Martins Gemälde waren besonders erfolgreich, da sie die aufkommende romantische Sensibilität ansprachen. Die Betonung von Emotion über Vernunft, die Faszination für das Erhabene – jenes Gefühl überwältigender Größe und Terror, das durch die Natur hervorgerufen wird – und die Erkundung dunkler Themen fanden beim Publikum tiefen Anklang. Sein Werk wurde häufig mit dem von Claude Lorrain verglichen, einem Landschaftsmaler des 17. Jahrhunderts, der für seine idealisierten Szenen bekannt war, doch Martins Gemälde besaßen eine deutlich dunklere, beunruhigendere Qualität. Er setzte bewusst dramatisches Licht, turbulente Himmel und gewaltige Strukturen ein, um eine Atmosphäre intensiver Dramatik und psychologischer Wirkung zu erzeugen.

Schlüsselwerke und Techniken

Mehrere Werke stechen als Paradebeispiele für Martins einzigartige künstlerische Vision hervor. Belshazzar’s Feast (1819), das die apokalyptische Szene aus dem Buch Daniel darstellt, ist zweifellos sein berühmtestes Gemälde, bekannt für seine dramatische Beleuchtung, wirbelnden Rauch und das Gefühl eines drohenden Unheils. Ähnlich fängt The Last Judgement (1823-24) einen Moment kataklysmischen Umbruchs ein, während The Plains of Heaven (1819-20) eine Vision der Apokalypse mit einer fast unerträglichen Intensität präsentiert. Diese Gemälde waren nicht bloß dekorativ; sie waren sorgfältig konstruierte Narrative, die darauf ausgelegt waren, tiefe emotionale Reaktionen beim Betrachter auszulösen.

Martins Meisterschaft erstreckte sich über die Malerei hinaus. Er war auch ein geschickter Kupferstecher, der akribisch detaillierte Drucke seiner eigenen Kompositionen anfertigte, was seine künstlerische Vision weiter verbreitete. Seine Stiche von The Deluge (1837) und anderen biblischen Szenen erlangten immense Popularität und trugen maßgeblich zu seinem Ruhm und Einfluss bei. Der Prozess des Kupferstichs erlaubte es ihm, seine Kompositionsideen zu verfeinern und hochglanzpolierte Reproduktionen seiner Gemälde zu schaffen, wodurch diese einem breiteren Publikum zugänglich gemacht wurden.

Vermächtnis und kritische Rezeption

Trotz seines anfänglichen Erfolgs sah sich Martin erheblicher Kritik von einigen der einflussreichsten Kritiker seiner Zeit gegenüber, darunter John Ruskin. Ruskin verurteilte Martins Werk berühmt als „eine bloße Sammlung monströser Formen“ und argumentierte, dass es an moralischer Substanz fehle und sich allein auf oberflächliches Spektakel stütze. Dennoch blieb Martins Beliebtheit beim Publikum ungebrochen. Er wurde von mehreren europäischen Akademien für seine künstlerischen Leistungen anerkannt und erhielt die Ehrenmitgliedschaft der französischen Akademie sowie den Ritterschlag des belgischen Leopold-Ordens.

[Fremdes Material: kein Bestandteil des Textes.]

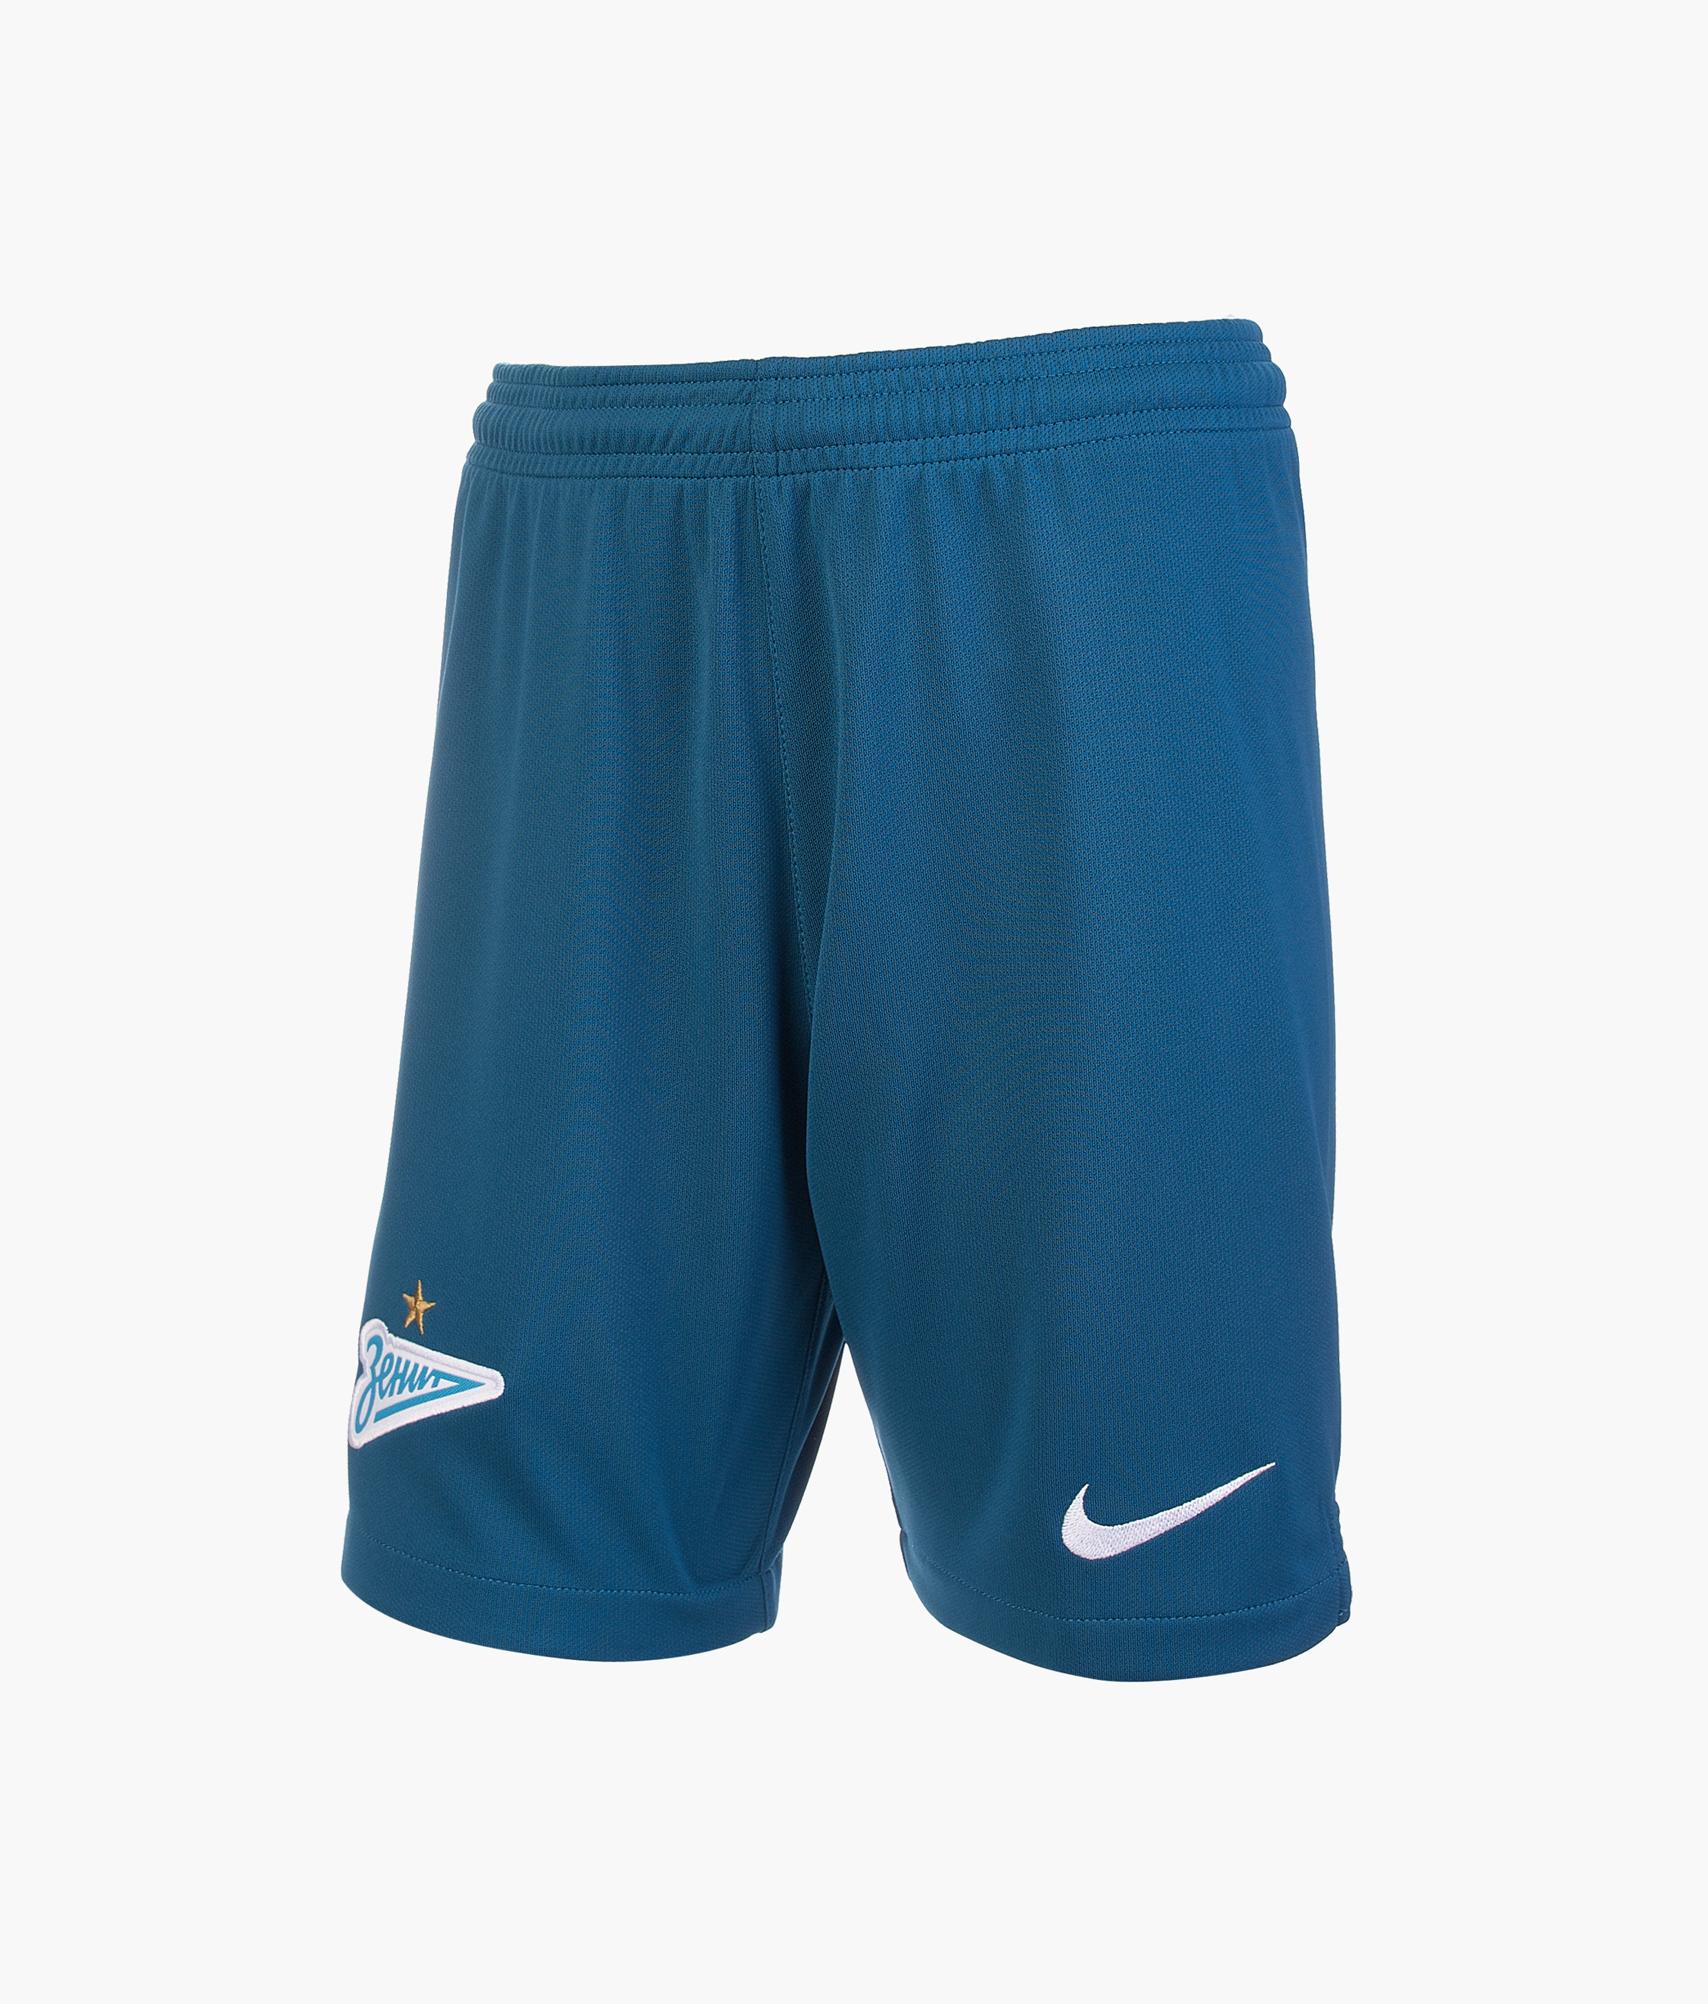 Подростковые домашние шорты Nike сезона 2019/2020 Nike Цвет-Синий

John Martin starb 1854 auf der Isle of Man und hinterließ ein Vermächtnis als eine der bedeutendsten Figuren der Ära der Romantik. Seine Gemälde fesseln Betrachter bis heute mit ihrer dramatischen Intensität, ihrer evokativen Atmosphäre und ihrer tiefgründigen Erkundung der menschlichen Erfahrung. Er bleibt ein einflussreicher Künstler, dessen Werk weiterhin Ehrfurcht und Staunen hervorruft und seinen Platz als Architekt des Erhabenen in der Kunst des 19. Jahrhunderts festigt.